Muchos estudios demuestran que una gran cantidad de heterosexuales suelen darse una vuelta por la categoría de porno homosexual, ya sea por curiosidad, impulso o deseo. Otros más, afirman lo mismo, pero a la inversa, un porcentaje de usuarios homosexuales recurren al porno heterosexual para satisfacerse, ahí no hay límites. Esto puede suceder por muchas razones; cierto favoritismo hacia algún actor en especial, mera costumbre frente al hecho de que normalmente, las primeras experiencias con el porno son hetero o la simple y llama razón de encontrar cierto morbo en el sexo que no practican.  El porno es para quien decida verlo, independientemente de su orientación y sus gustos sexo-fílmicos.

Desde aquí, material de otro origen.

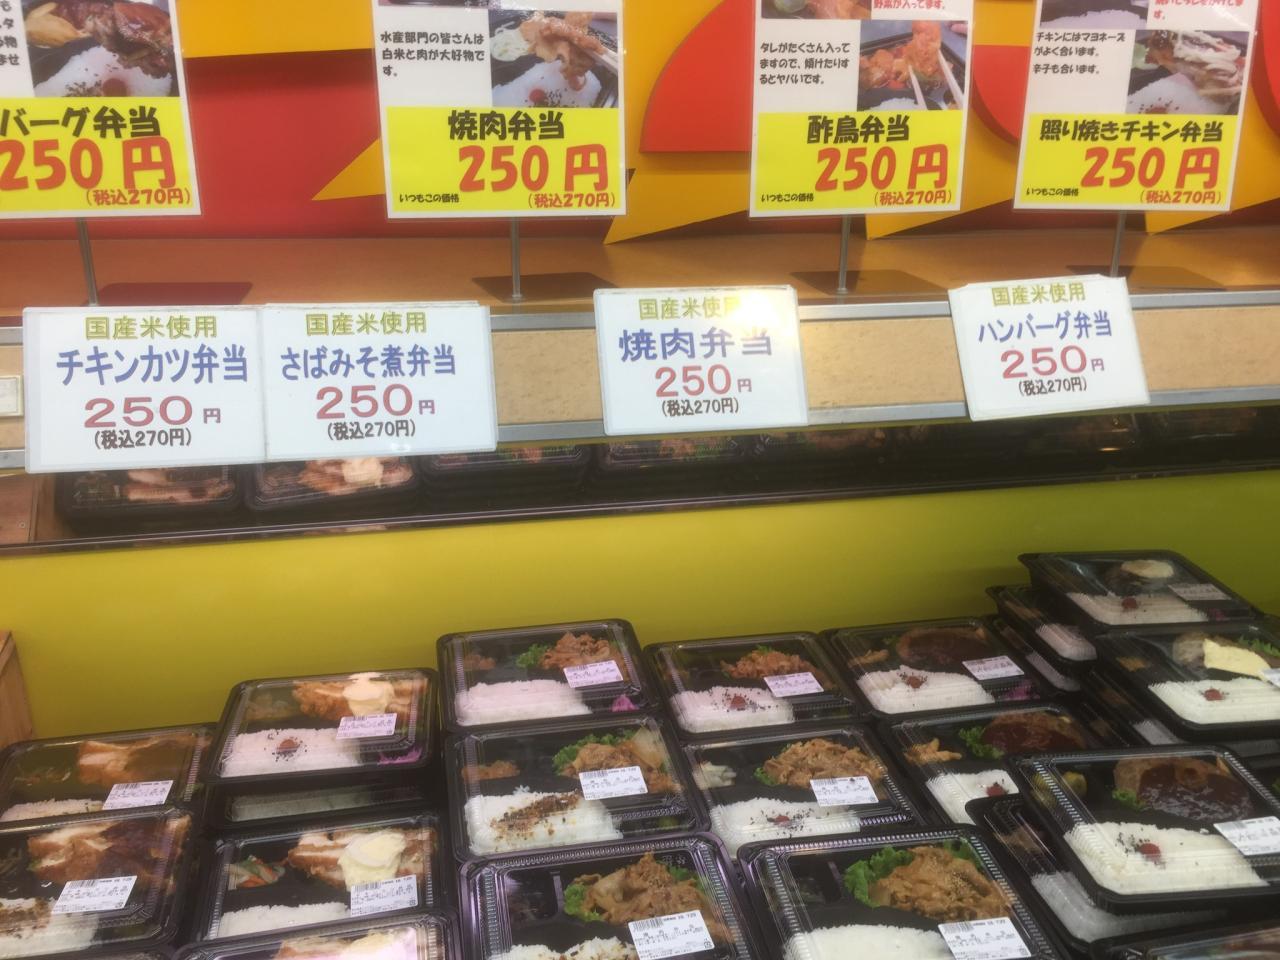 豪華な250円弁当!十和田市のヤマヨスーパー

¿Existe el porno bisexual?

Nicolas Trudel

Esta pregunta es muy interesante. Pensemos en un planteamiento frío. Podríamos concluir que un bisexual verá el porno que en ese momento necesite, ya sea heterosexual u homosexual. Se sentará frente a la pantalla y buscará el video que le acomode a lo que le genera interés. En cierta forma, es así. Como bisexual, en mi caso personal, busco actrices y actores porno que me gustan, recurro a ciertas categorías que me producen placer, dependiendo el tipo de porno que decida ver en ese momento. Cuando uno teclea en el buscador: porno bisexual, lo que aparece suele estar relacionado a tríos, porque en el mero acto sexual es casi imposible plantear a la bisexualidad si no se recurre a esta herramienta: un hombre que tiene sexo con una mujer y otro hombre en el mismo encuentro. Sin embargo, no todos los bisexuales son amantes del trío en el porno, así que lo único que les queda es ajustarse a la regla que dice: busca lo que quieres, mientras aparezca en la categoría del porno hetero o gay.

¿Y en México?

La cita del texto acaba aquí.